Genome Sequences of Malonate-Positive Cronobacter sakazakii Serogroup O:2, Sequence Type 64 Strains CDC 1121-73 and GK1025, Isolated from Human Bronchial Wash and a Powdered Infant Formula Manufacturing Plant.

We introduce draft genome sequences of strains CDC1121-73 (human bronchial wash isolate) and GK1025 (powdered infant formula manufacturing facility isolate), which are both malonate-positive Cronobacter sakazakii serogroup O:2, sequence type 64. Assemblies for these strains have sizes of 4,442,307 and 4,599,266 bp and % G+C contents of 56.9 and 56.7, respectively.

GENOME ANNOUNCEMENT

The Cronobacter genus comprises seven species, three of which (C. sakazakii, C. malonaticus, and C. turicensis) have been implicated in cases of severe infantile septicemia and meningitis infections, as well as wound and urinary tract infections in adults (1, 2). Until this investigation, the presence of malonate-positive C. sakazakii (Csak) strains that are associated with foods was under appreciated, possibly leading to misidentification of strains when relying on phenotypic identification alone (1). Multiple genomes of Csak O:2 strains have been reported, however, strain CDC1121-73 is the first Csak O:2, sequence type (ST) 64 isolated and was obtained from a human bronchial wash sample in 1973. Csak O:2 strain GK1025 was isolated from the environment of a European powdered infant formula manufacturing facility in 2015.

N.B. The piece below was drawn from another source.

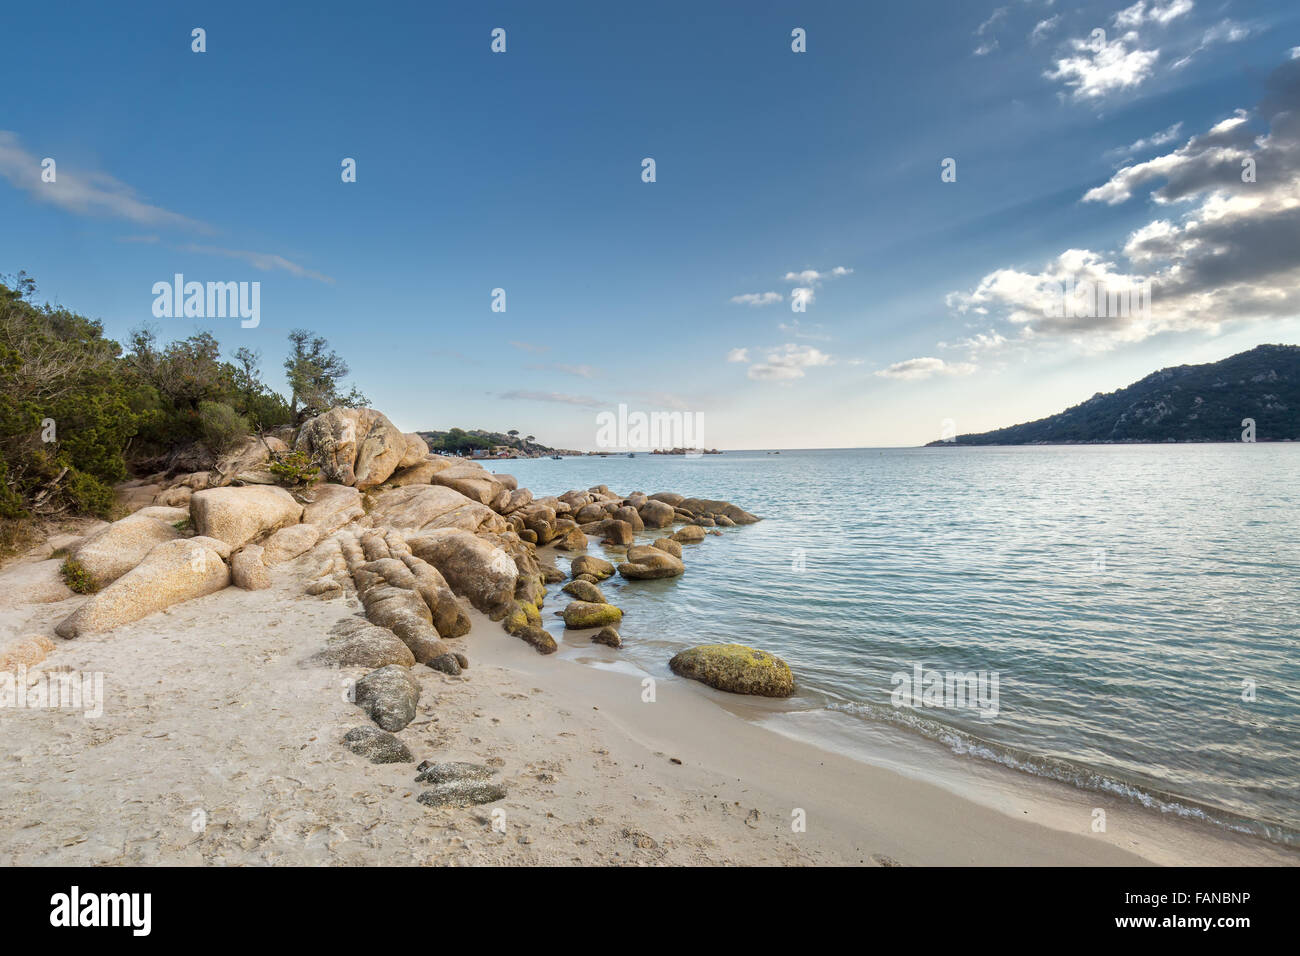 Les Roches et rochers dans une mer turquoise translucide et bleu ciel à la plage de Santa Giulia en Corse Banque D'Images

Whole-genome sequencing (WGS) was performed on the isolates using the MiSeq platform (Illumina, San Diego, CA, USA), using Illumina’s NextSeq XT library kit. Trimmed Fastq data sets were de novo assembled with CLC Genomics Workbench version 7.0 (CLC bio, Aarhus, Denmark). The CDC1121-73 and GK1025 WGS assemblies were found to have 70 and 94 contigs (>500 bp long), 56.9 and 56.7% G+C content, and 4,112 and 4,295 CDS, respectively. WGS assemblies for CDC1121-73 and GK1025 were annotated using the RAST annotation server (3) and a malonate utilization gene cluster was identified in each genome. This operon was found to be flanked by gyrB and katG and contains genes for α, β, Δ, and γ subunits of malonate decarboxylase, malonyl CoA acyl carrier protein transacylase, and a malonate utilization transcriptional regulator. Phenotypically, they could utilize malonate using Ewing’s modified malonate broth (4, 5).

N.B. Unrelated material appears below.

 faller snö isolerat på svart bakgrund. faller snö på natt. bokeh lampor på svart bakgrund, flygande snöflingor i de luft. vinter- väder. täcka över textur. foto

Interestingly, a comparison of the two genomes using JSpecies (6) provided an average tetranucleotide identity score of 99.98%, despite their origin from two different continents, and isolation separated by four decades. These results suggest that both strains are very homologous and phylogenetically they possess many notable genomic features common between them. To mention a few, each possessed gene clusters encoding for β-, δ-, and type 1-fimbriae and over 40 efflux pump-related genes, for example, MATE-MDR efflux pump and cmeB, acrR, mcaA, and arsenic resistance were found. Each strain had 11 alleles related to stress response, for example, degS and universal stress protein genes A-C, E, and G and 24 alleles for polysaccharide biosynthesis, transportation, and exportation. PCR results support genomic findings which show that both strains possessed the pESA3-like virulence plasmid and additionally, strain CDC1121-73 harbored a pCTU3-like plasmid (7).

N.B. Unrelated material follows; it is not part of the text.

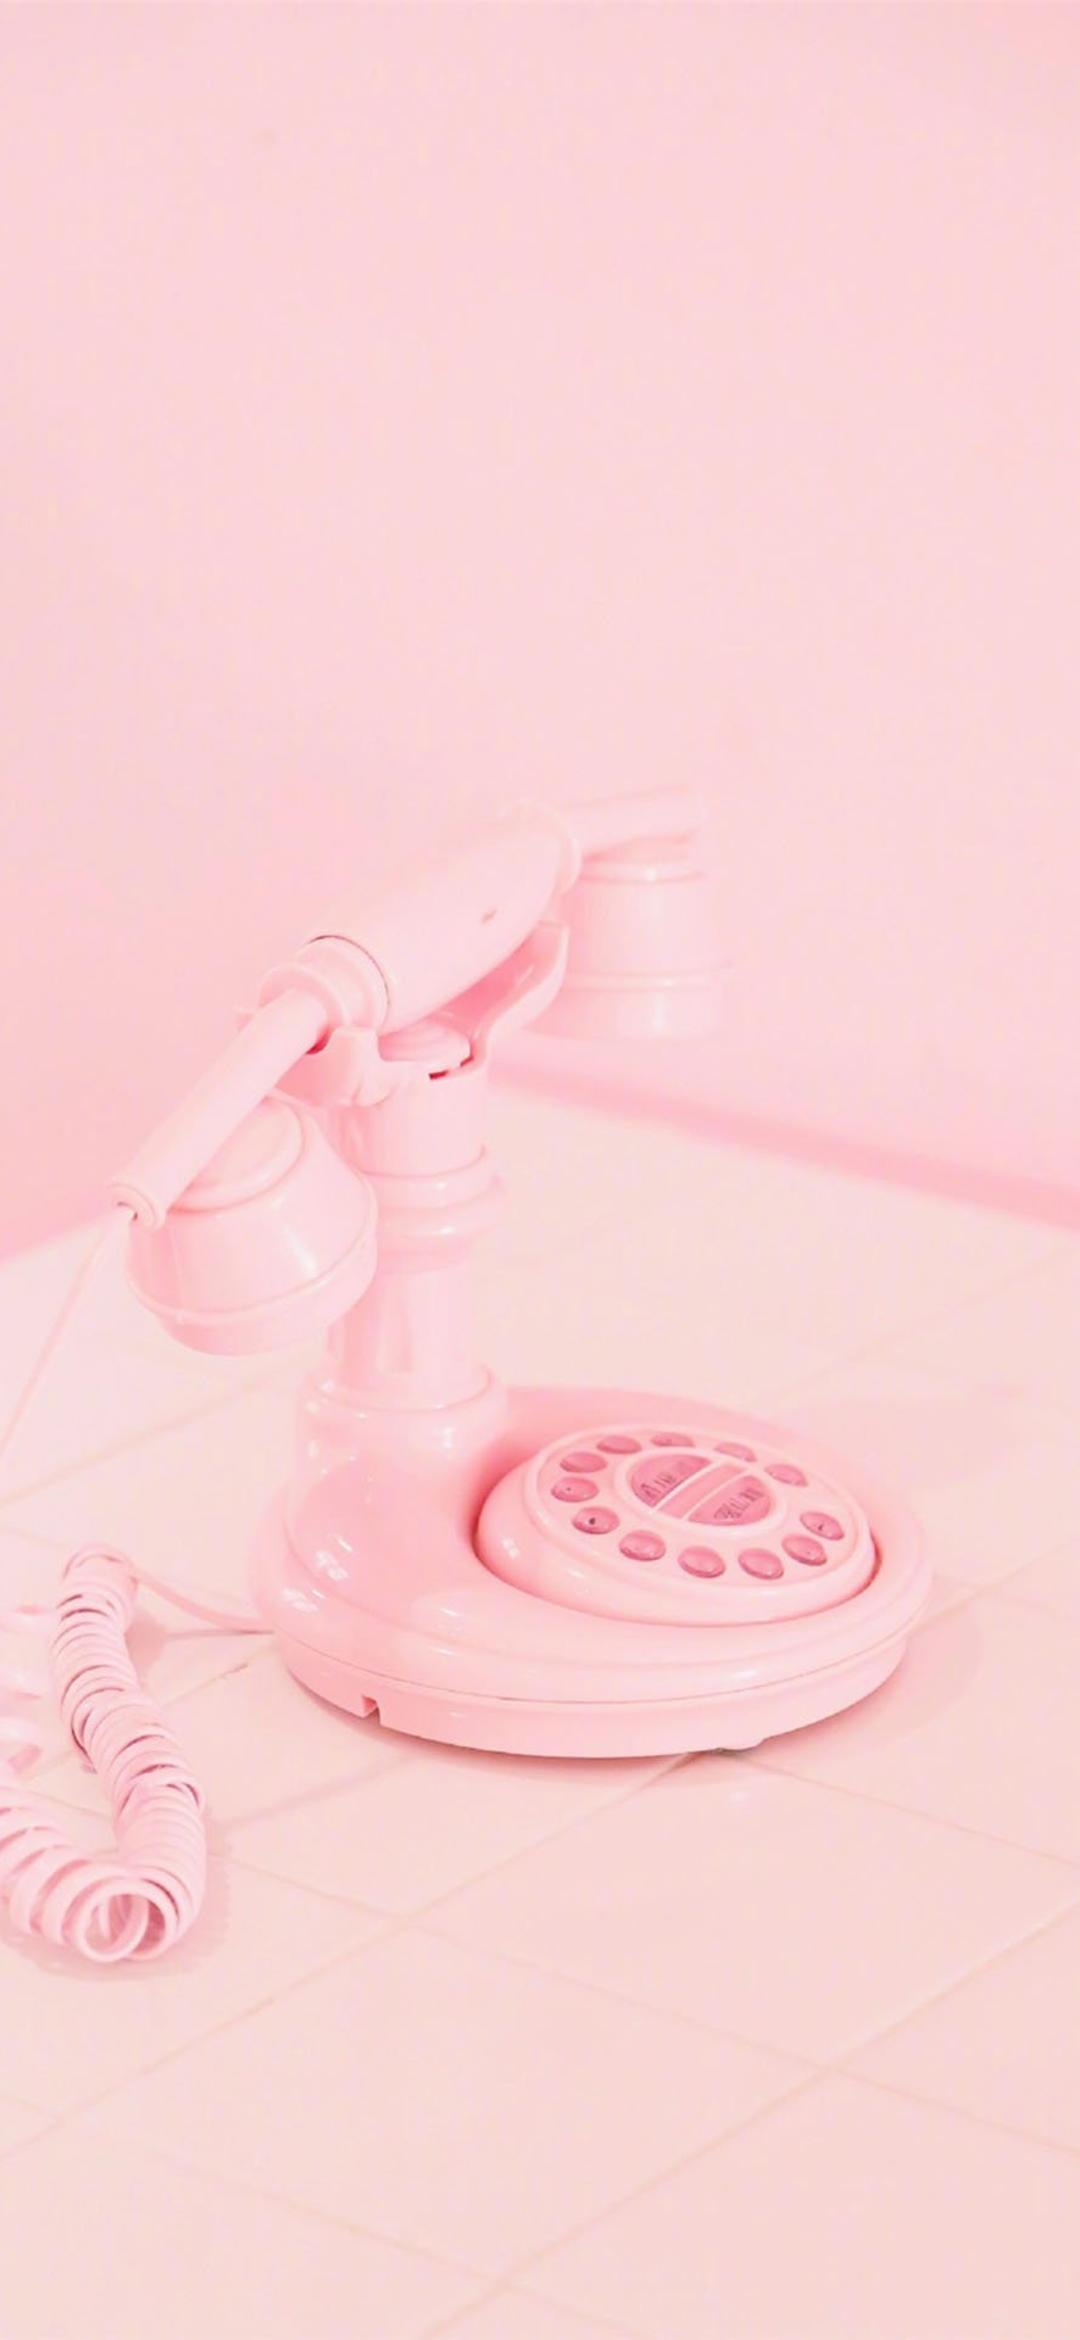 超级可爱的粉色小电话

The data presented here increase the number of publically available Cronobacter genomes, including for the first time, genomes of malonate-positive C. sakazakii isolates. Further studies to determine the origin of malonate utilization genes in ST64 C. sakazakii isolates are needed to ascertain whether these C. sakazakii strains are an example of convergent evolution with C. malonaticus, or, contrastingly, have more recently diverged from the C. malonaticus species on the evolutionary time scale.

Accession number(s).

The accession numbers of C. sakazakii strains CDC1121-73 and GK1025 evaluated in this study were submitted to the National Center for Biotechnology Information under Bioproject PRJNA258403 (Cronobacter GenomeTrakr Project FDA-CFSAN) as Biosamples SAMN04329632 and SAMN04329637, SUBIDs 1743736 and 1743738, and assemblies MCOD00000000 and MCOE00000000, respectively.